Many people would absolutely not be able to deal with these rules. I’ve been here three years and have taken the rules and annoyances in stride in exchange for the good support I do get here, the best friend I’ve made and just plain how much better I’ve been doing. And knowing that I need to hang in here until I find something else better, and that any sudden move would destabilize me.
That said I’m starting to find the atmosphere very frustrating. Particularly people who lack any kind of self-awareness manners ETC and having to just put up with it. Residents that yell and scream and staff say it’s ok because that’s “their baseline” and other things.
Clearly all of these ways of doing things aren’t cutting it. I have to say I’m at a disadvantage here as I’m proposing a model I don’t have much experience with. Which would be a peer lead supportive housing program. Along the same lines as how clubhouses or peer respite centers work. That these organizations do have staf involvement however the staff subscribe to the idea that we as mental health consumers know what our needs are and can best run things with guidance rather than being told what to do. Unfortunately I haven’t as I said ever been a part of either program as a client. I wish I had. In MA they have a lot of such resources. In Chicago due to everything under the sun being cut they don’t have hardly anything. When I was in MA however I did hear great things about club houses, and online sites look very promising. Similarly I’ve heard good things about peer respite programs. Though I’m sure everything has its ups and downs.
But the idea of us making decisions around what kind of living environment would be most healing would solve many problems. Certainly the first being the isolation and lack of true understanding of the struggle. Having professionals in that understand and totally resonate with this way of thinking would be a must as well as providing for safety concerns. It would have to probably be part of a community mental health program but again one that’s extremely creative and doesn’t box people into catagories.
I see the main component of it being an apartment building where people could choose to have single or double rooms. And where they could then work out with their roommates and help of the general community healthy guidelines for living.

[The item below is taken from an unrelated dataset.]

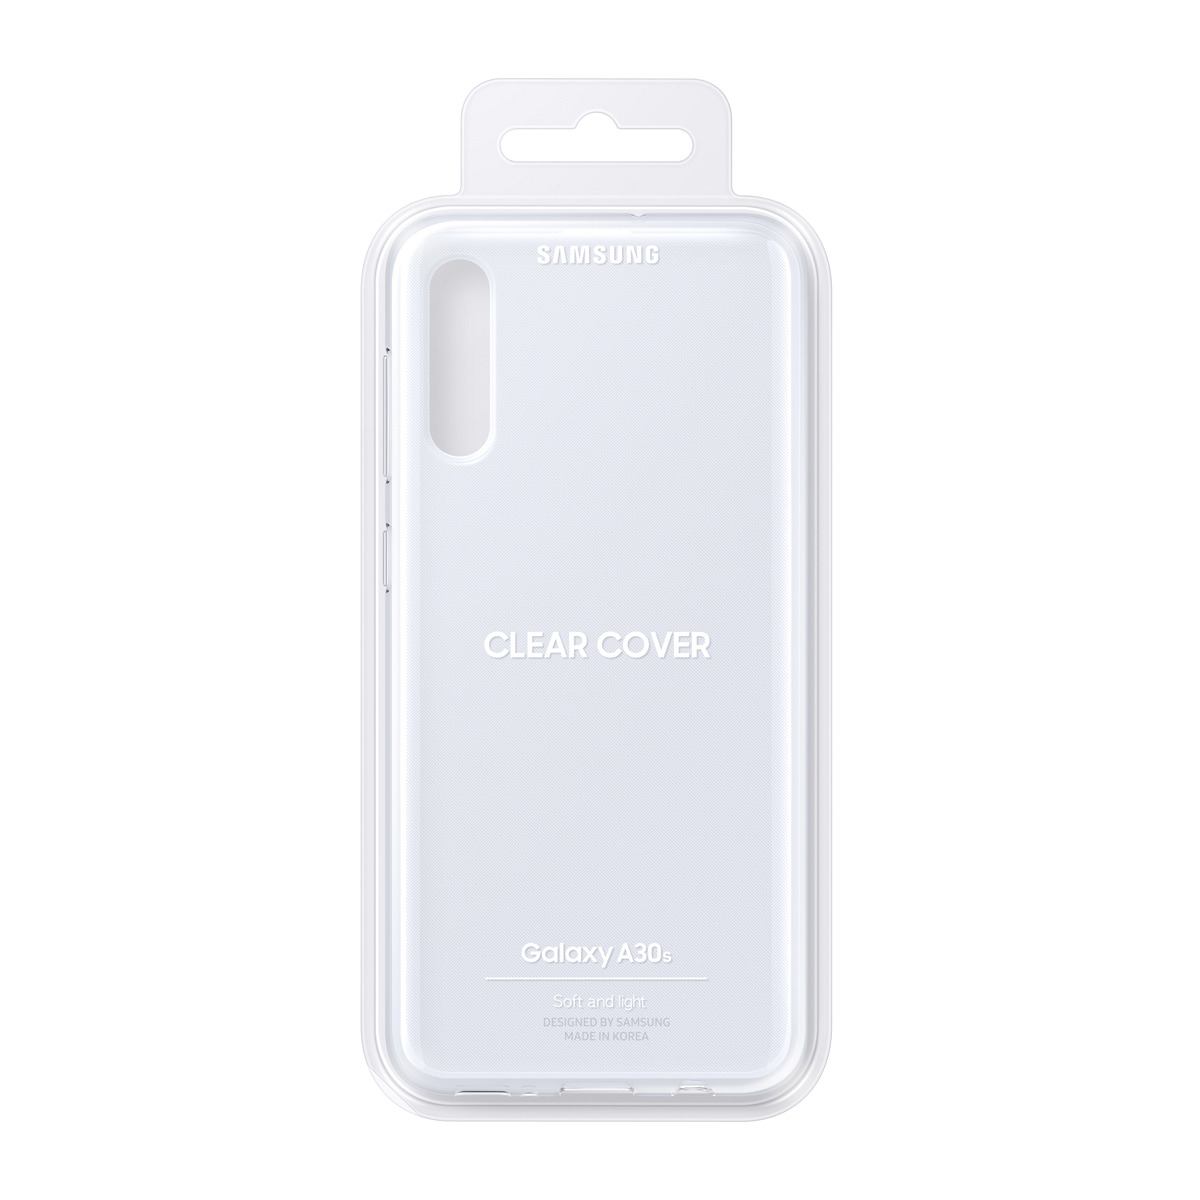 Backcover, WHITE, Weiß GALAXY Samsung, A30S SAMSUNG COVER EF-WA307PWEGWW WALLET A30s, Galaxy
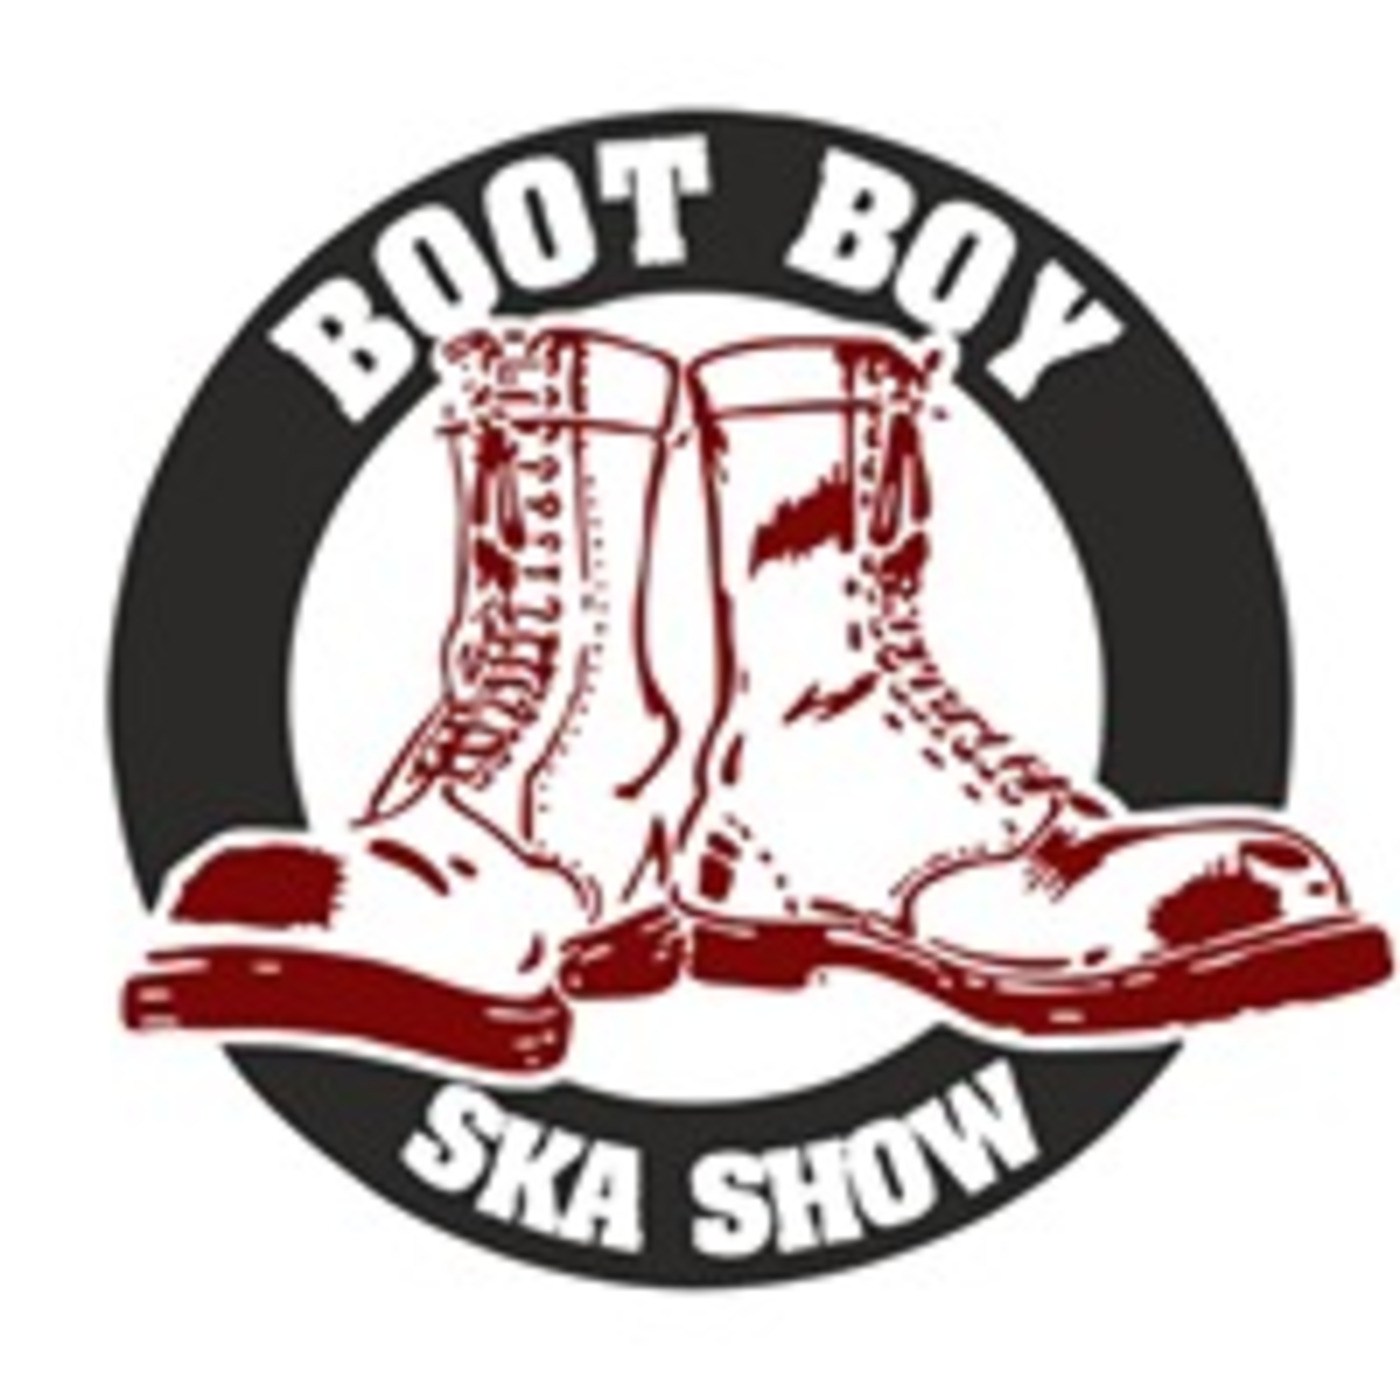 Episode 2533: The Boot Boy Ska Show With Geoff Longbar 29th July 2022 On www.bootboyradio.net

How things like chores, preparing meals ETC would be done ( whether strictly done in each apartment with assistance from peers and staff or as a community in common areas) would have to be determined on the basis of the members needs and abilities. But a huge part of it would be the support of doing activities together, r informal support groups, hobby groups going out to restaurants and other fun things. I
Again I don’t know if this is just some crazy idea. And obviously I don’t know how it would be funded or if there’s anything remotely like it in the world. But at least it’s better than no new idea at all. I welcome any thoughts or additions. Especially from those that work at/ have been to club houses or peer respite centers or any other peer driven programs.